Koehneola

Scientific classification
- Kingdom: Plantae
- Clade: Tracheophytes
- Clade: Angiosperms
- Clade: Eudicots
- Clade: Asterids
- Order: Asterales
- Family: Asteraceae
- Subfamily: Asteroideae
- Tribe: Coreopsideae
- Genus: Koehneola Urb.
- Species: K. repens
- Binomial name: Koehneola repens (O.Hoffm.) Urb.
- Synonyms: Microcoecia repens Griseb. Pinillosia repens Benth. & Hook.f. Tetranthus repens O.Hoffm.

= Koehneola =

- Genus: Koehneola
- Species: repens
- Authority: (O.Hoffm.) Urb.
- Synonyms: Microcoecia repens Griseb. Pinillosia repens Benth. & Hook.f., Tetranthus repens O.Hoffm.
- Parent authority: Urb.

Genus of flowering plants

Koehneola is a monotypic genus of flowering plants in the daisy family.

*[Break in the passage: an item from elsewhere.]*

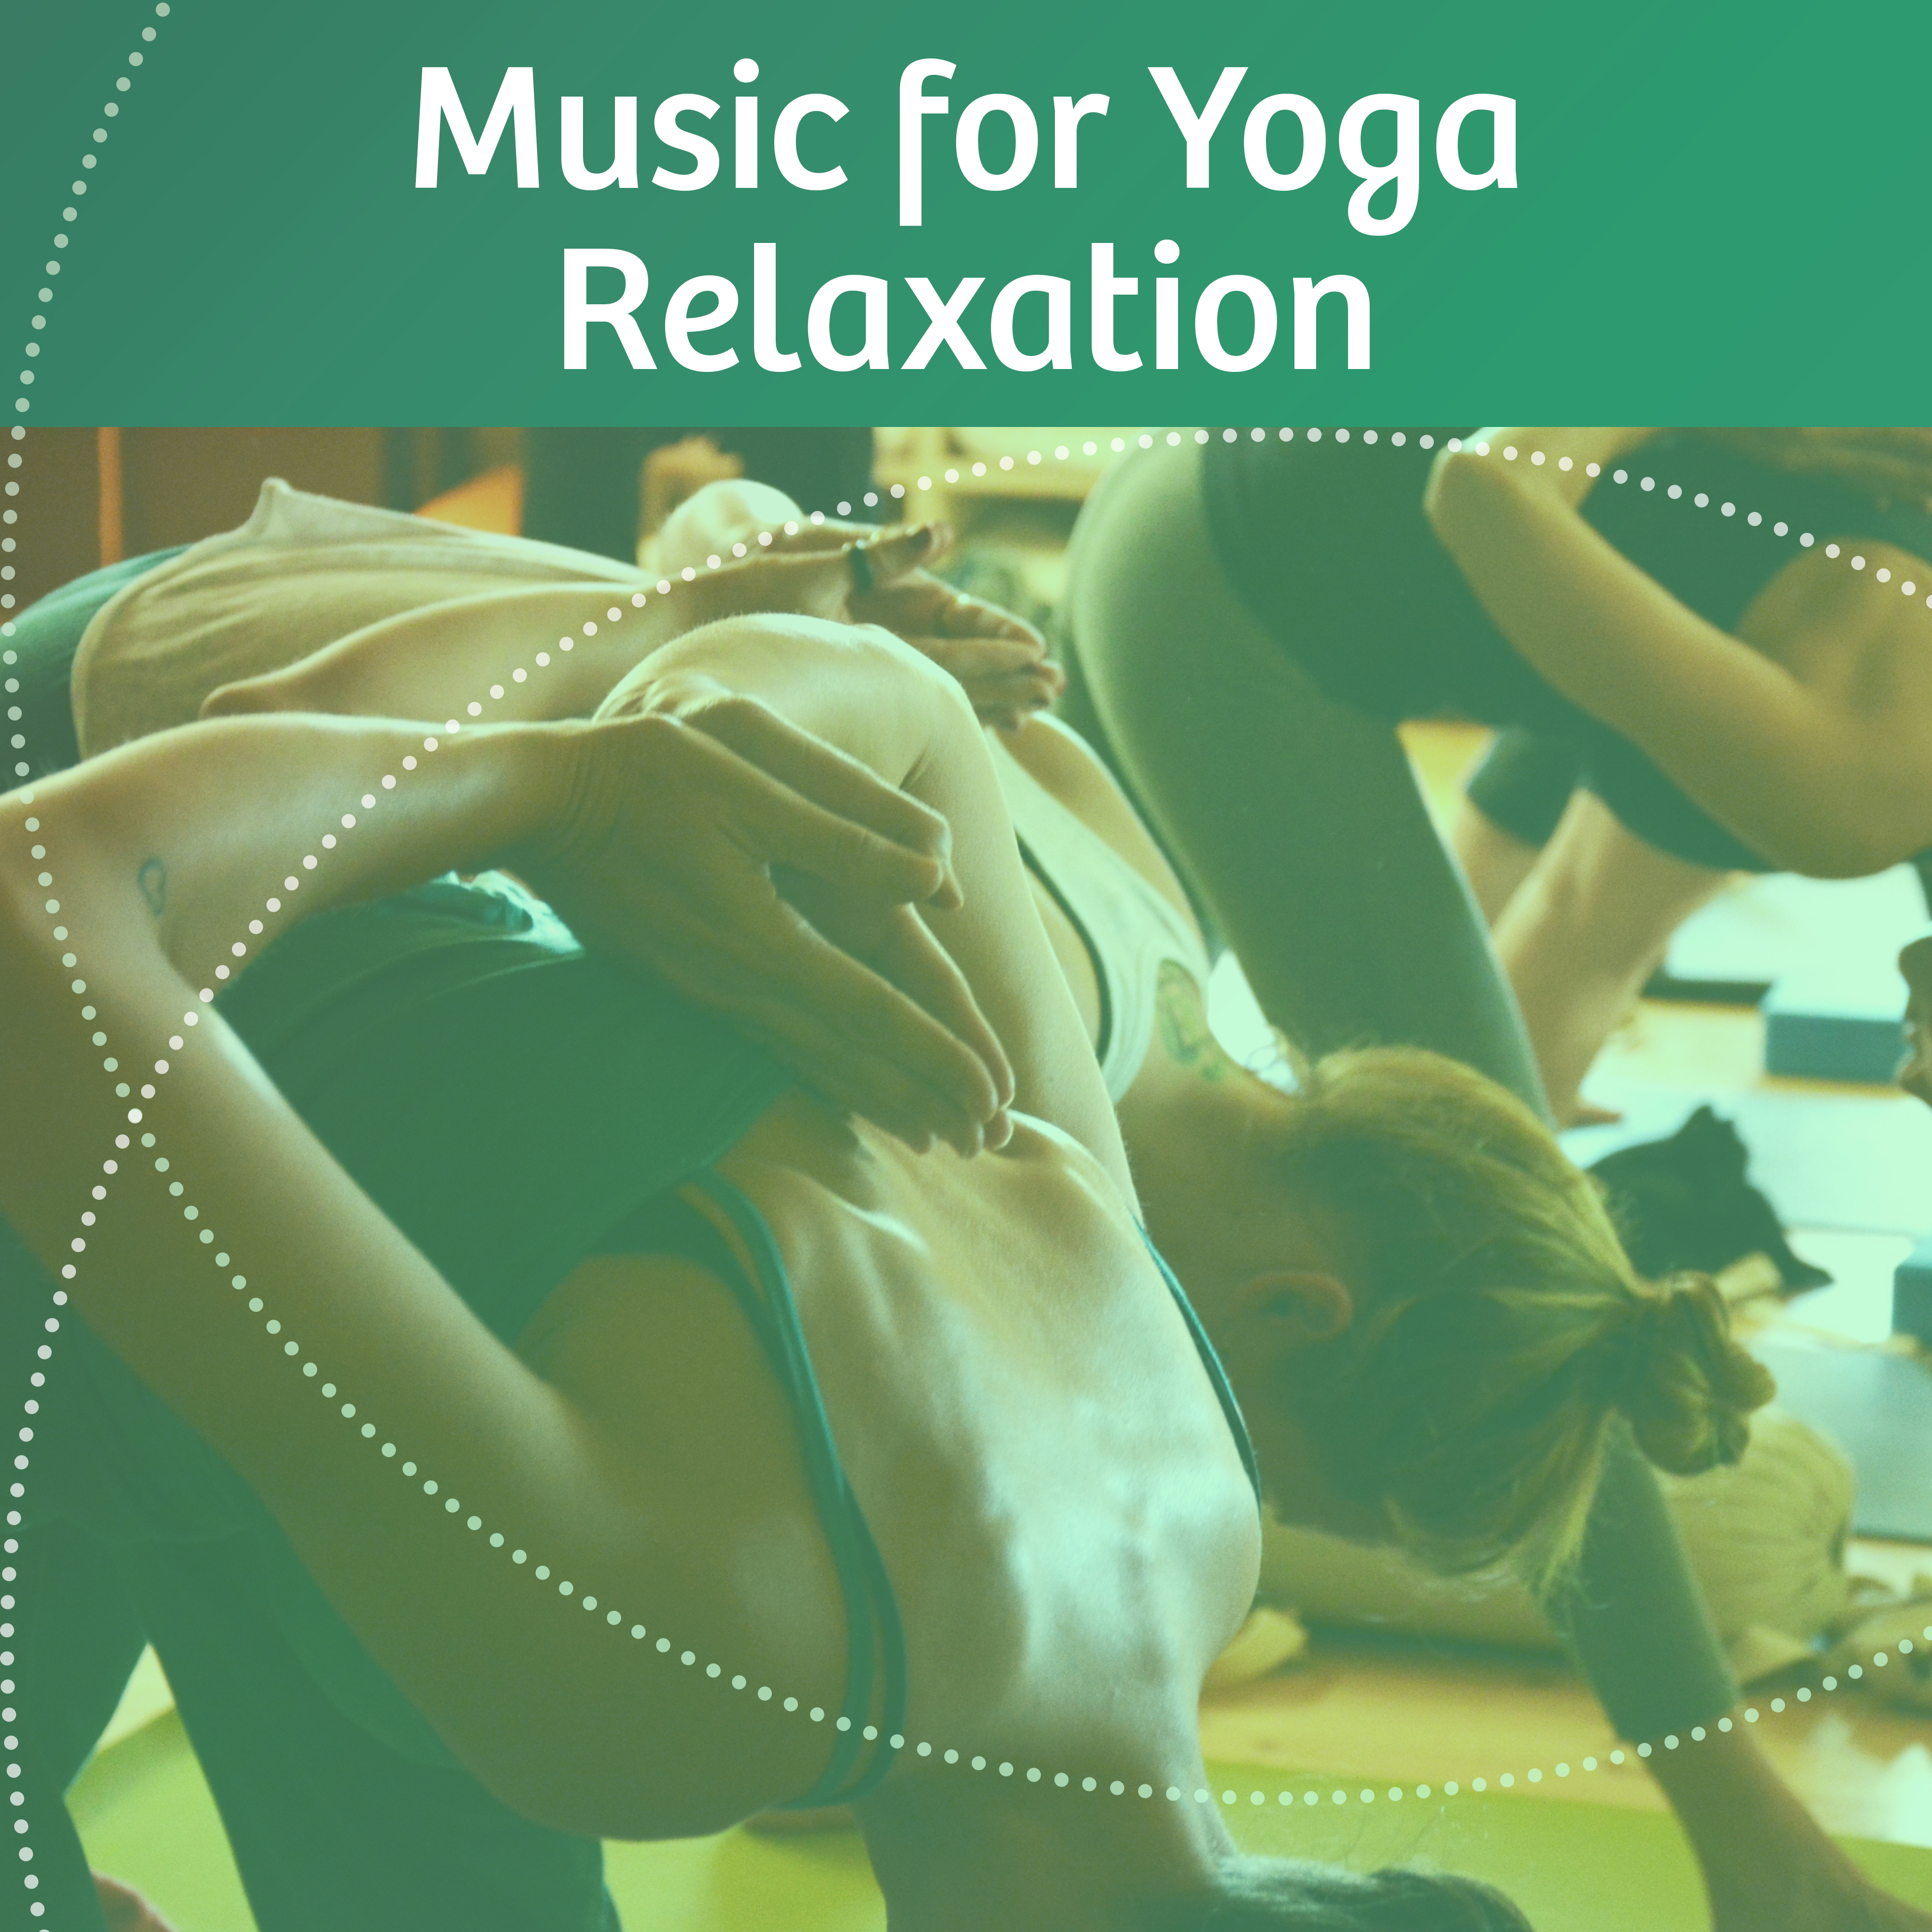 Music for Yoga Relaxation – Calm Sounds for Yoga Training, Meditation Calmness, Buddha Lounge

There is only one known species, Koehneola repens.

It is native to Cuba.

The genus name of Koehneola is in honour of Bernhard Adalbert Emil Koehne (1848–1918), a German botanist and dendrologist born near Striegau, a town known today as Strzegom, Poland,
The Latin specific epithet of repens means creeping or crawling.
Both genus and species were described and published in Symb. Antill. Vol.2 on pages 463–464 in 1901.